Verana Health has exclusive partnerships with the American Academy of Ophthalmology IRIS® Registry (Intelligent Research in Sight) and the American Urological Association (AUA) Quality (AQUA) Registry. The IRIS Registry comprises nearly 80-million de-identified patients from 15,000 contributing clinicians over 11 years. The AQUA Registry comprises 12 million de-identified patients from more than 3,800 clinicians over 10 years. The data from both registries come directly from clinicians who care for patients in real-world settings and are leveraged in Verana Health’s datasets.
Evaluating AI, Data Science, and Clinical Capabilities
The quality of the data is only part of the equation. If the appropriate AI models or analysis aren’t being used, the insights generated will not reflect the quality of the data.
A variety of AI techniques and models exist, such as NLP, large language models, rules-based algorithms and more. RWE projects require a strong understanding of AI algorithm and model development, as well as data analytics techniques to ensure the relevance, efficiency, robustness and scalability of the analysis conducted on RWD. Moreover, data science expertise, including proficiency in implementing and developing AI models, is necessary in order to derive meaningful insights that maintain the integrity of complex healthcare data. This also requires continuous assessment to maintain and monitor deployed techniques as longitudinal clinical data frequently has new data being added or refreshed.
Additionally, subject matter expertise, namely clinical domain knowledge, can provide valuable, clinically-sound insights and contextualize findings in the context of healthcare delivery and patient outcomes.
Choosing the Correct Data Delivery
For many organizations, data-as-a-service (DaaS) provides an easy, convenient, and secure method of accessing high-quality, de-identified clinical RWD for research. Additionally, data delivery can include a powerful self-service dashboard that visualizes the data in summary. One example is Verana Health’s Qdata Anti-VEGF Market Tracker which actively tracks real-world therapy usage, rolling market share and other KPIs of interest. The data is refreshed monthly. Such solutions empower organizations to leverage RWD in day-to-day decision-making.
Verana Health offers DaaS for its Qdata® modules. These modules start with structured and unstructured EHR data on more than 90 million de-identified patients.
The data are harmonized, tokenized, and can be linked with other sources, such as claims and images in VeraQ. Finally, the data are curated with clinical expertise and guidance, complemented by NLP and ML. The result is Qdata: research-ready, fit-for-purpose data modules that enable observational studies on a multitude of conditions across ophthalmology and urology.
On the other hand, some organizations may not have the in-house resources required to manage such a large amount of data. In these cases, Verana Health can offer customized projects, in which the team analyzes Qdata on the organization’s behalf and delivers insights tailored to unique requirements and objectives.

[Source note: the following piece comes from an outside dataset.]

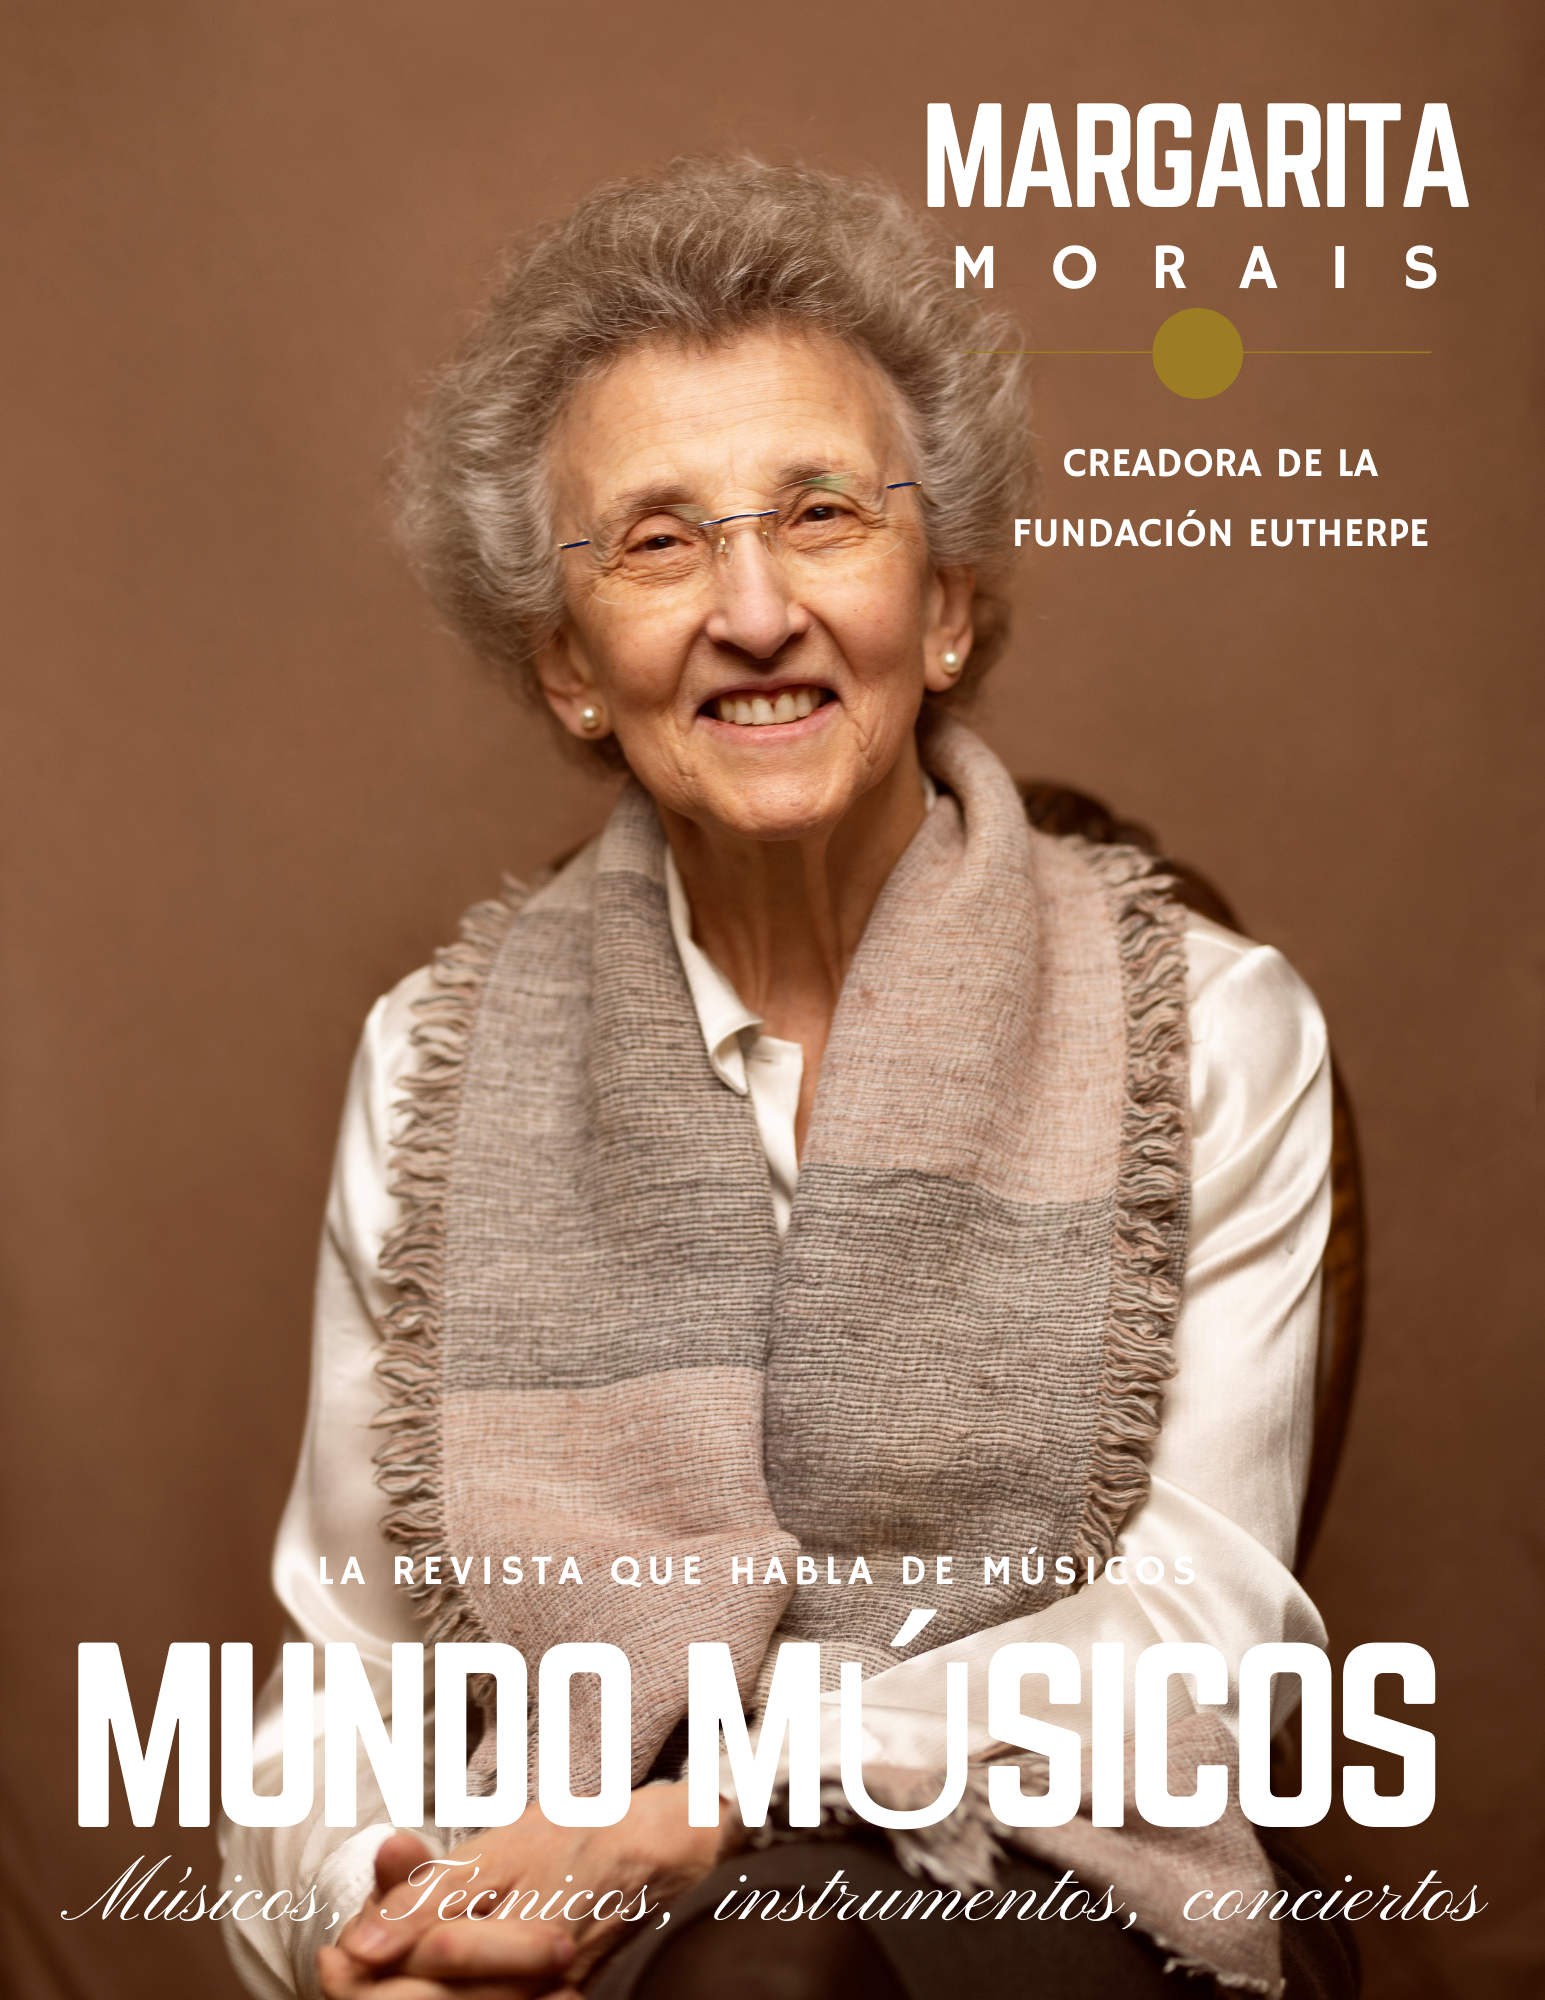 Margarita Morais entrevista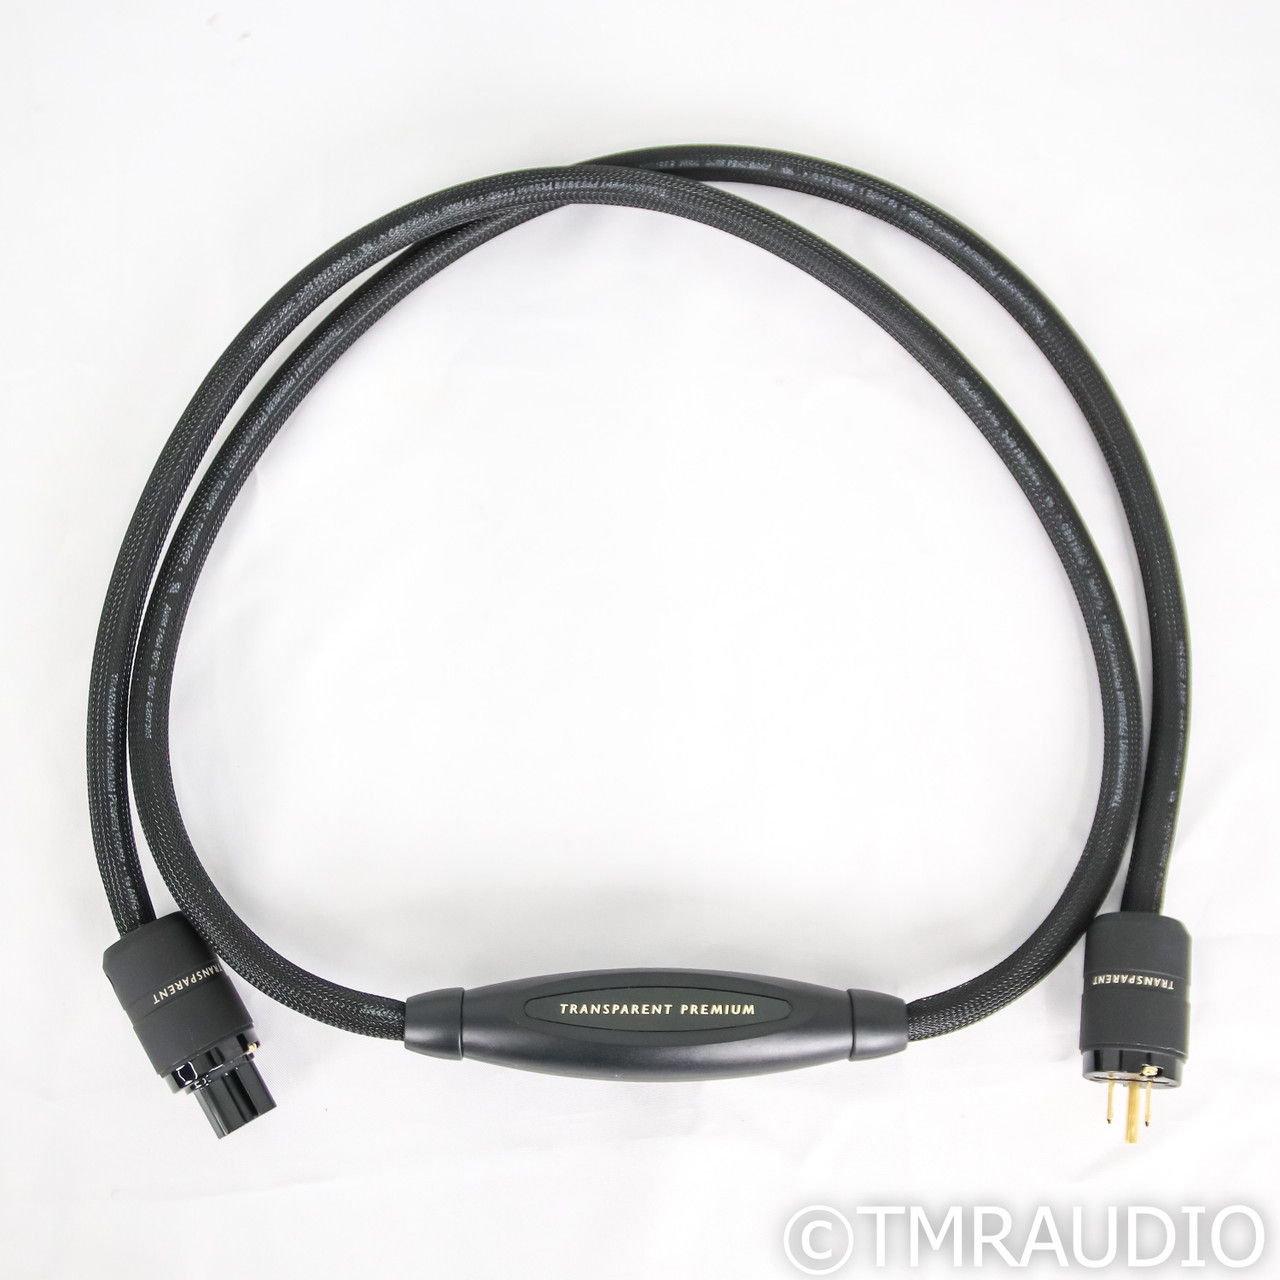 Transparent Audio Premium Power Cable; 2m AC Cord (65003) 3

In an era where data-driven decision-making is crucial, leveraging RWD and AI to generate RWE empowers organizations to have a stronger handle on how their therapies are performing in the real world, as well as against others in the market. From optimizing clinical trial designs to informing market strategies and improving patient outcomes, the integration of RWD and AI offers unprecedented opportunities for stakeholders across the industry.

As technology continues to advance and new data sources emerge, the importance of strategic partnerships cannot be overstated. By embracing the principles outlined in this guide and staying at the forefront of RWE generation, organizations can lead the way in shaping the future of healthcare and delivering value to patients, clinicians, and healthcare systems alike. Together, we can harness the power of RWD and AI to drive positive outcomes and improve the quality of care for all.